DATASET EXCERPT =
--------------------------------------------------

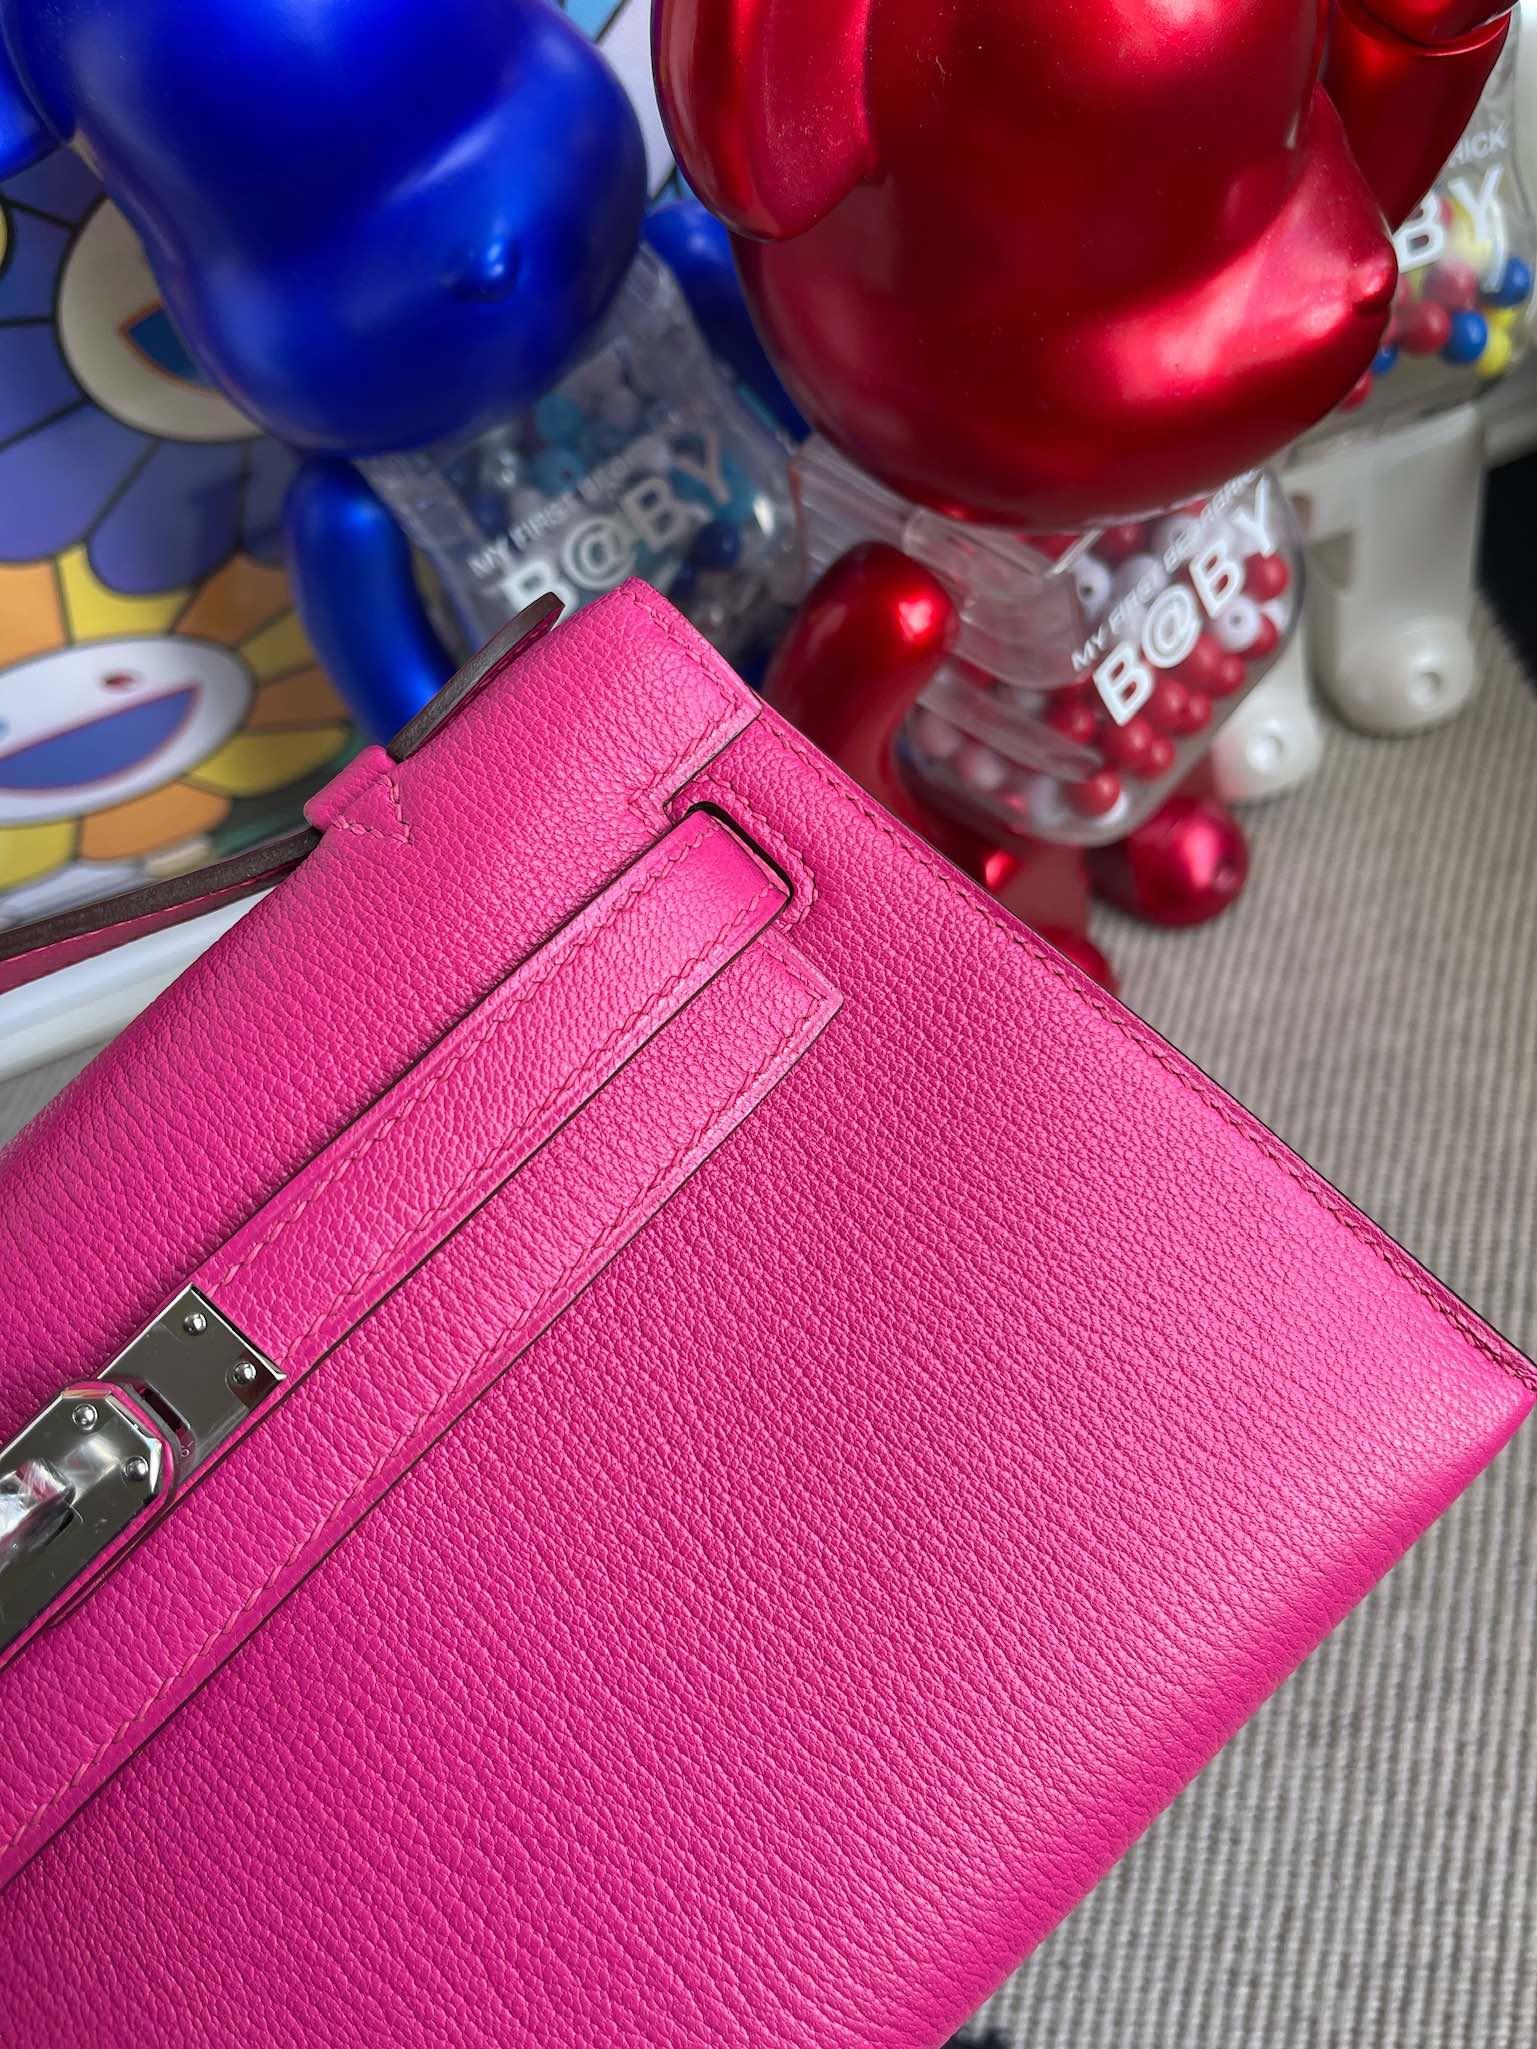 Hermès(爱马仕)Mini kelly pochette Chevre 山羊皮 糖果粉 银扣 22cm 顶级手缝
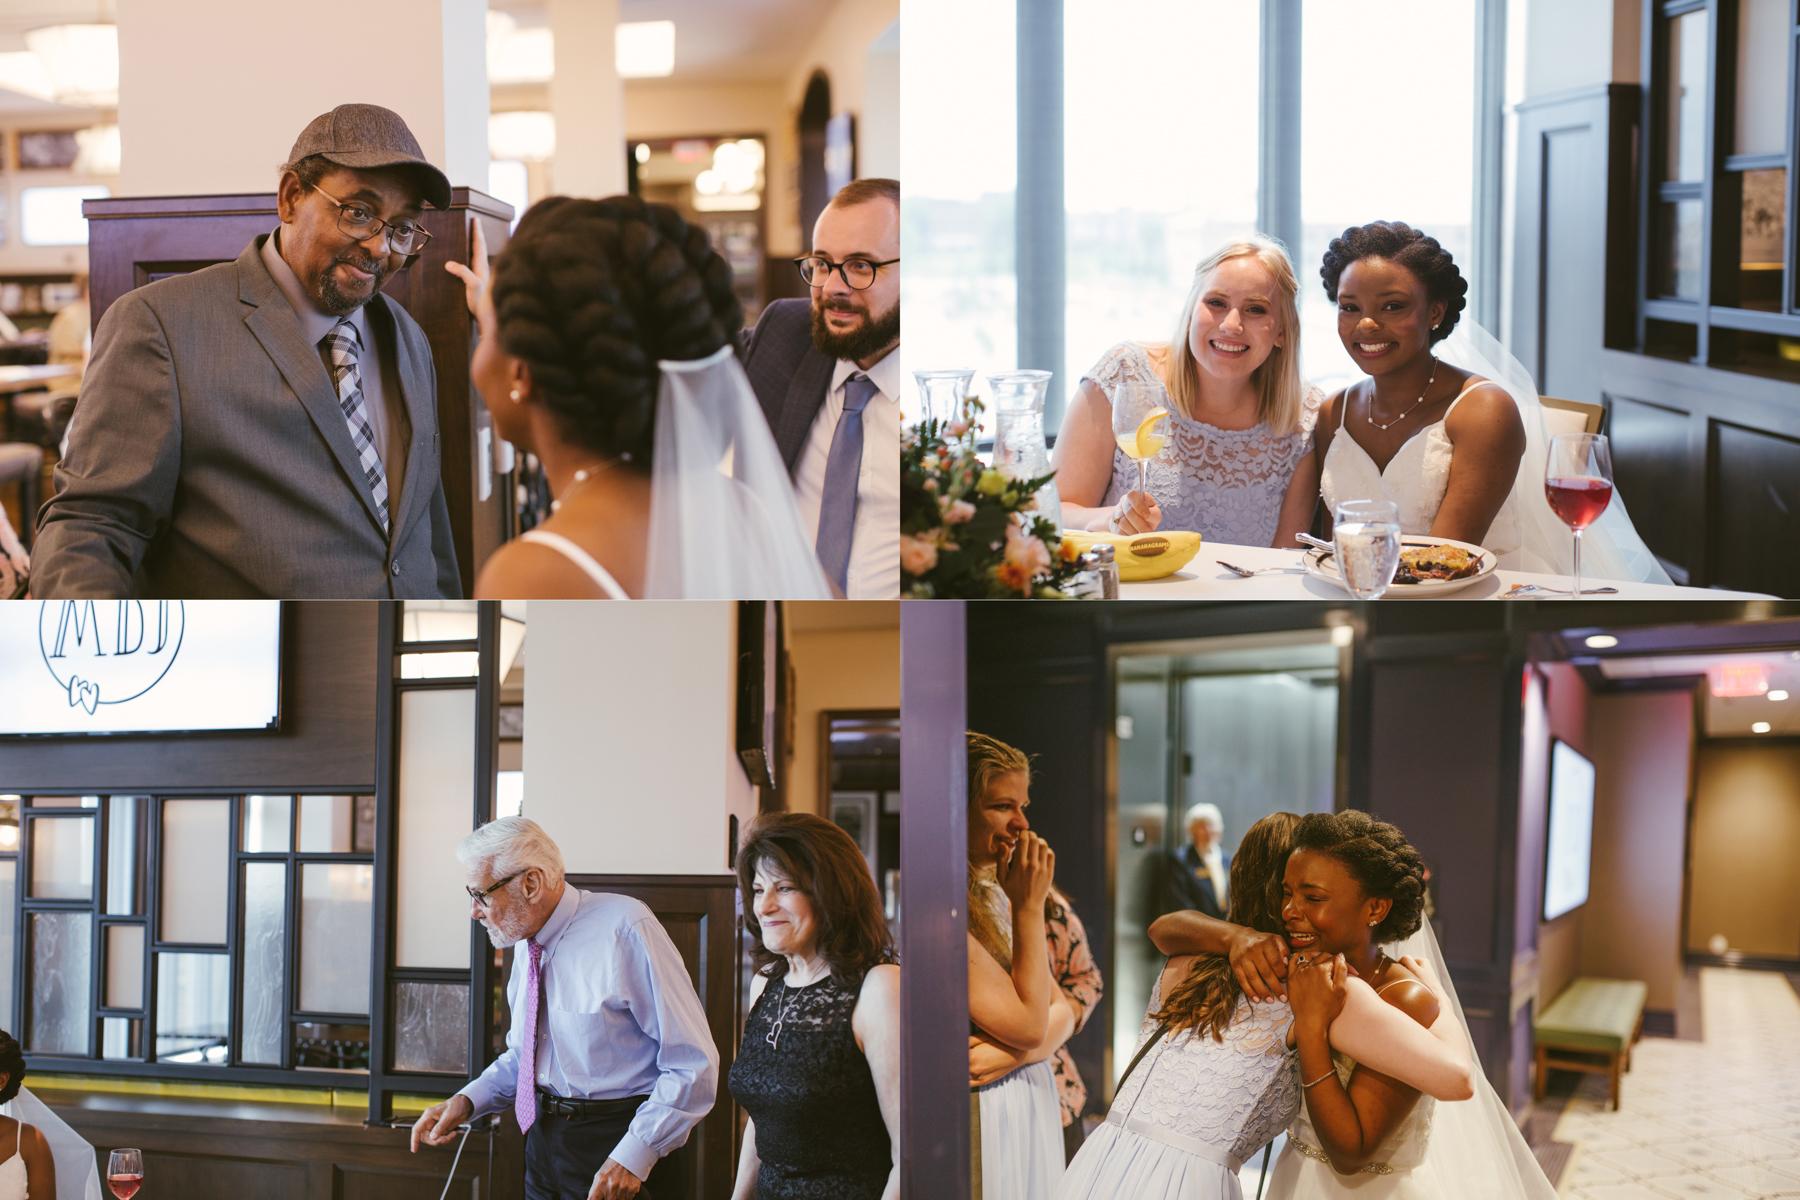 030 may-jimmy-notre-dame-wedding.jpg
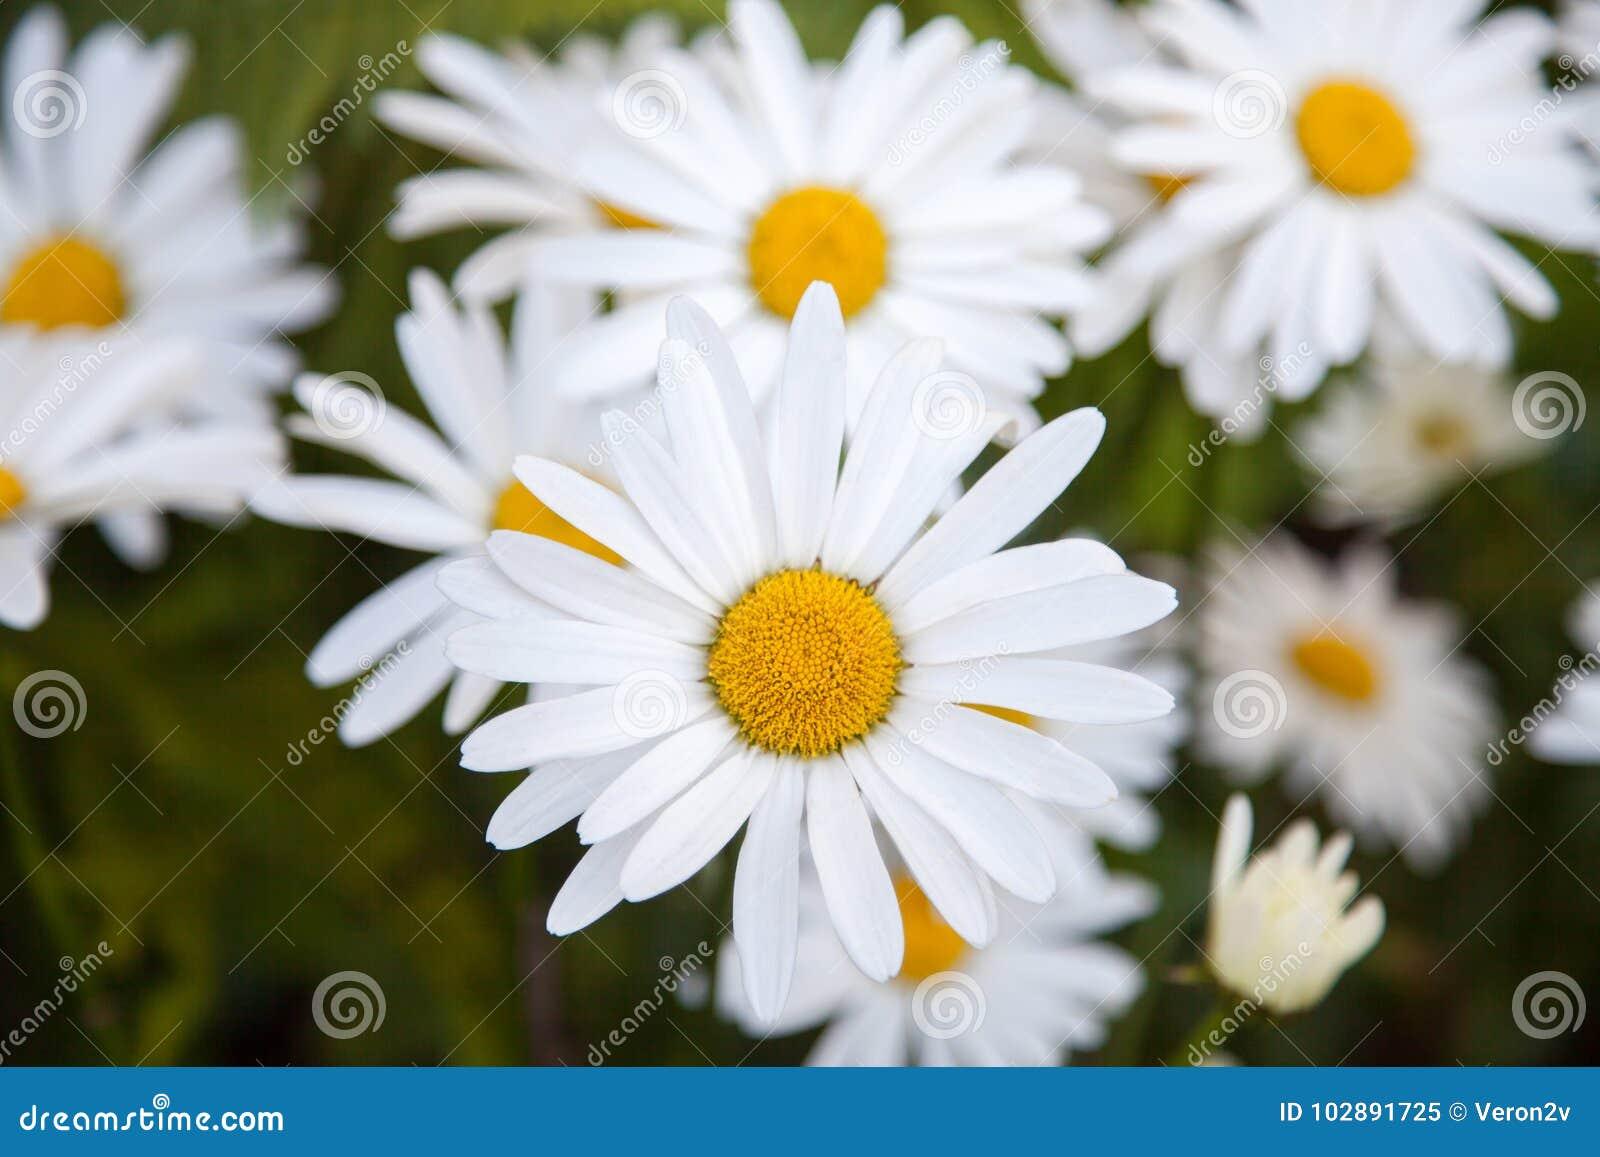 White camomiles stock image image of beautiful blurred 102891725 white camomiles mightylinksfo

--------------------------------------------------

Omit the pictures and print the listing exactly.

PROBLEM SOLUTION =
 Hermès(爱马仕)Mini kelly pochette Chevre 山羊皮 糖果粉 银扣 22cm 顶级手缝
 030 may-jimmy-notre-dame-wedding.jpg
 White camomiles stock image image of beautiful blurred 102891725 white camomiles mightylinksfo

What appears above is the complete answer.